Thanks for the advise though. I´m getting so tired of this, but surely must try one more time when I´m more awake..


----------



## inkinawink (Dec 17, 2008)

Actually the newer cartridges dated 2009 and 2010 are starting to cause alot of problems for recyclers. HP and Canon have changed something in their cartridges recently (the ones with print heads) and they are all failing electronically after the first recycle. We (all recyclers) are trying to get to the bottom of it, and find a work around. Our recommendations for printers to buy are Brother, as there are no chips or road blocks for these cartridges.


----------



## ansku (Dec 25, 2009)

Thanks Inkinawink! For the next printer I´ll be checking the use of refills before buying, and hopefully Brother will still remain reuse friendly. 

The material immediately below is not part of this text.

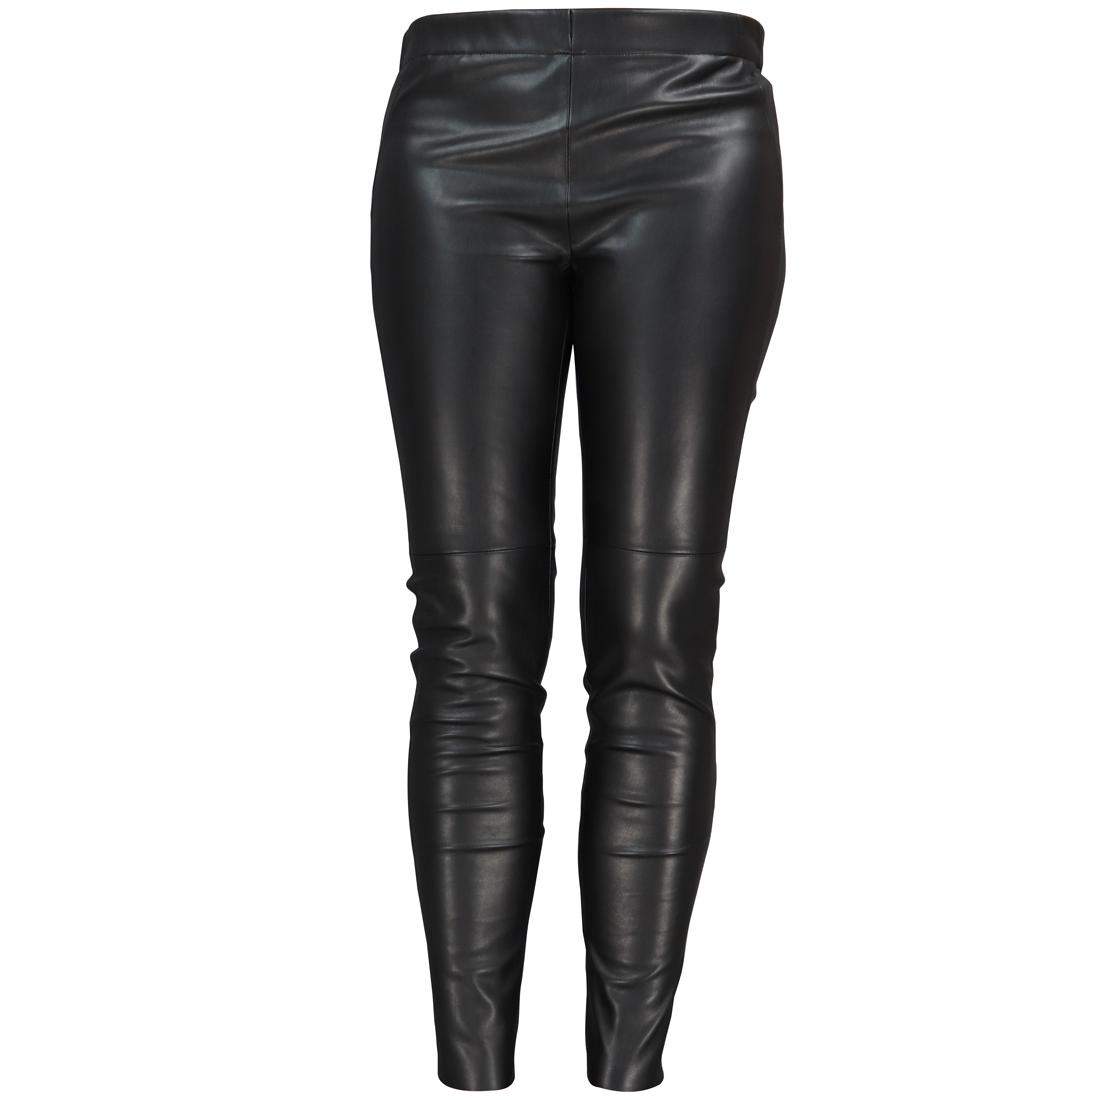 Image of Zerres broek 7403-650-leggy in het Zwart

I returned the refill kit to Prink and got reimbursed for the full amount as I purchased original Canon cartridges. I wonder if new Prink or by any other manufacturer cartridges would have worked?


----------



## eye5 (Jan 16, 2010)

Hi all - I hope this helps you. I have a Canon MX300, and I refill my own ink. I had error U051, and U162, one of which must mean "you are trying to re-use a cartridge I have declared empty." I tried the instructions Google found for here (Tips, Tricks and Solutions for Epson, Canon, Dell, Brother), but that did not work, so I experimented with variations. The instructions I found referred to a "RESET" button, which my MX300 does not have, and I changed the number of presses in step 3.
Good luck, I hope this helps, I hate paying full retail for printer cartridges.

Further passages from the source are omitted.